使用 Cohere 多模态嵌入进行多模态检索¶
Cohere 发布了多模态嵌入模型,在本 notebook 中,我们将演示使用 Cohere 多模态嵌入进行多模态检索
。
为什么多模态嵌入很重要?
多模态嵌入非常重要,因为它们使得 AI 系统能够以统一的方式理解和搜索图像和文本。多模态嵌入将不同类型的内容(如文本和图像)转换到同一个嵌入空间,这使得用户可以通过一个查询查找不同媒体类型中的相关信息,而无需使用单独的文本搜索和图像搜索系统。
本次演示的步骤如下:
- 从相关的维基百科文章下载文本、图像和原始 PDF 文件。
- 使用 Cohere 多模态嵌入为文本和图像构建多模态索引。
- 使用多模态检索器同时检索给定查询的相关文本和图像。
- 使用多模态查询引擎为给定查询生成响应。
注意:我们将使用 Anthropic 的多模态 LLM 来生成响应,因为 Cohere 尚不支持多模态 LLM。
安装¶
我们将使用 Cohere 多模态嵌入进行检索,使用 Qdrant 向量存储和 Anthropic 多模态 LLM 进行响应生成。
%pip install llama-index-embeddings-cohere
%pip install llama-index-vector-stores-qdrant
%pip install llama-index-multi-modal-llms-anthropic
import os
os.environ["COHERE_API_KEY"] = "<YOUR COHERE API KEY>"
os.environ["ANTHROPIC_API_KEY"] = "<YOUR ANTHROPIC API KEY>"
工具¶
get_wikipedia_images
: 从指定标题的维基百科页面获取图像 URL。
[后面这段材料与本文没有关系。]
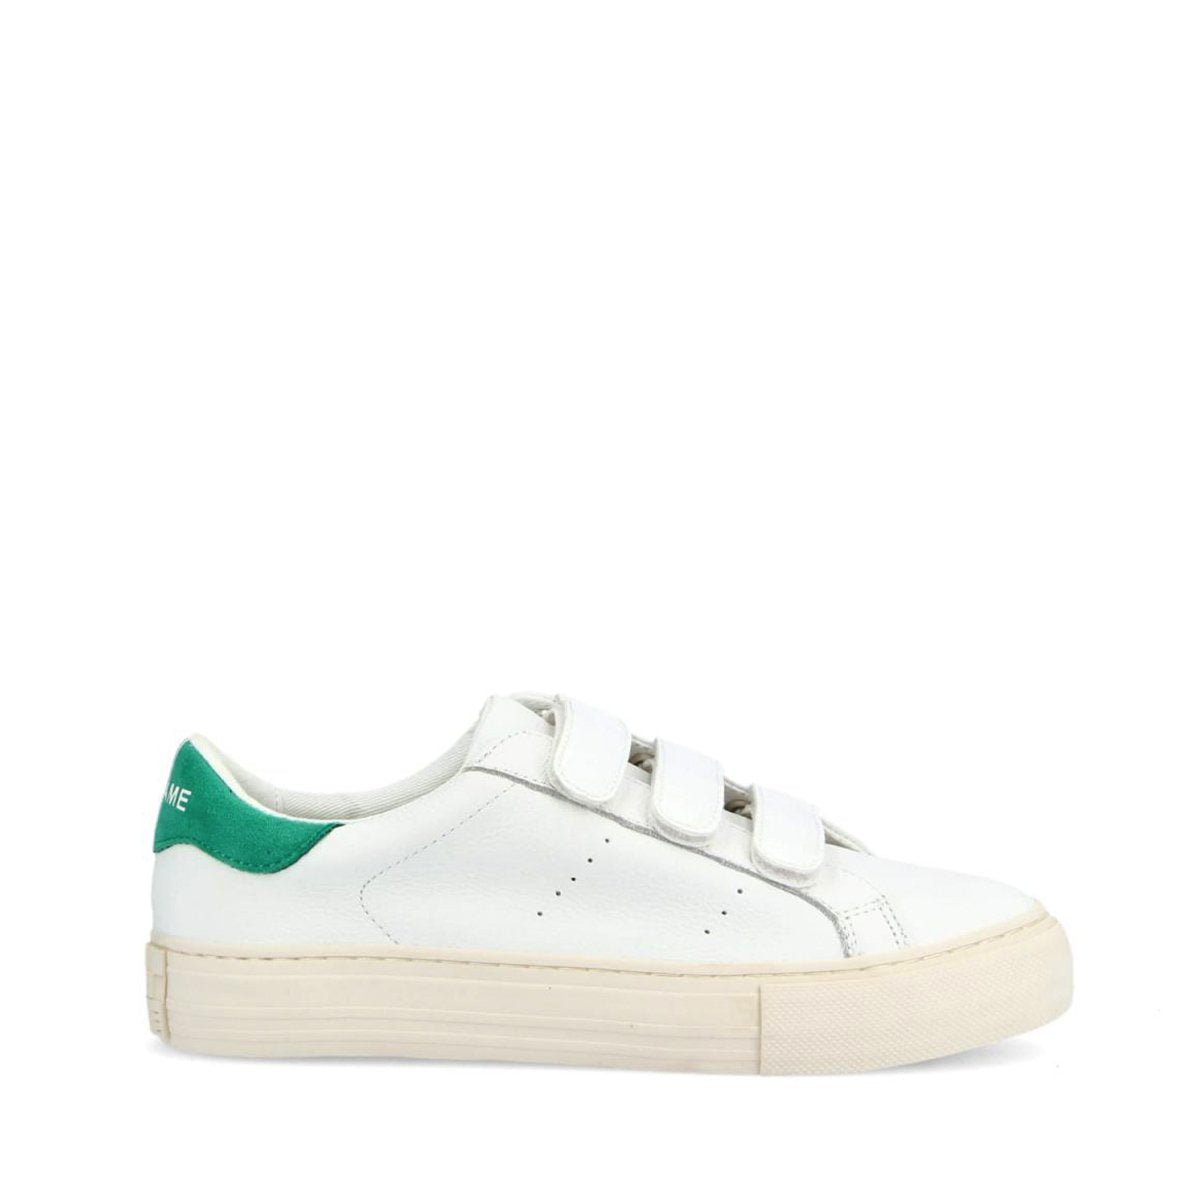 Arcade Straps White Menthe Sneakers KNGDRG042U - 1

plot_images
: 绘制指定图像路径列表中的图像。delete_large_images
: 删除指定目录中大于 5 MB 的图像。
注意: Cohere API 接受小于 5MB 的图像文件。
import requests
import matplotlib.pyplot as plt
from PIL import Image
from pathlib import Path
import urllib.request
import os
def get_wikipedia_images(title):
"""
Get the image URLs from the Wikipedia page with the specified title.
"""
response = requests.get(
"https://en.wikipedia.org/w/api.php",
params={
"action": "query",
"format": "json",
"titles": title,
"prop": "imageinfo",
"iiprop": "url|dimensions|mime",
"generator": "images",
"gimlimit": "50",
},
).json()
image_urls = []
for page in response["query"]["pages"].values():
if page["imageinfo"][0]["url"].endswith(".jpg") or page["imageinfo"][
0
]["url"].endswith(".png"):
image_urls.append(page["imageinfo"][0]["url"])
return image_urls
def plot_images(image_paths):
"""
Plot the images in the specified list of image paths.
"""
images_shown = 0
plt.figure(figsize=(16, 9))
for img_path in image_paths:
if os.path.isfile(img_path):
image = Image.open(img_path)
plt.subplot(2, 3, images_shown + 1)
plt.imshow(image)
plt.xticks([])
plt.yticks([])
images_shown += 1
if images_shown >= 9:
break
def delete_large_images(folder_path):
"""
Delete images larger than 5 MB in the specified directory.
"""
# List to hold the names of deleted image files
deleted_images = []
# Iterate through each file in the directory
for file_name in os.listdir(folder_path):
if file_name.lower().endswith(
(".png", ".jpg", ".jpeg", ".gif", ".bmp")
):
# Construct the full file path
file_path = os.path.join(folder_path, file_name)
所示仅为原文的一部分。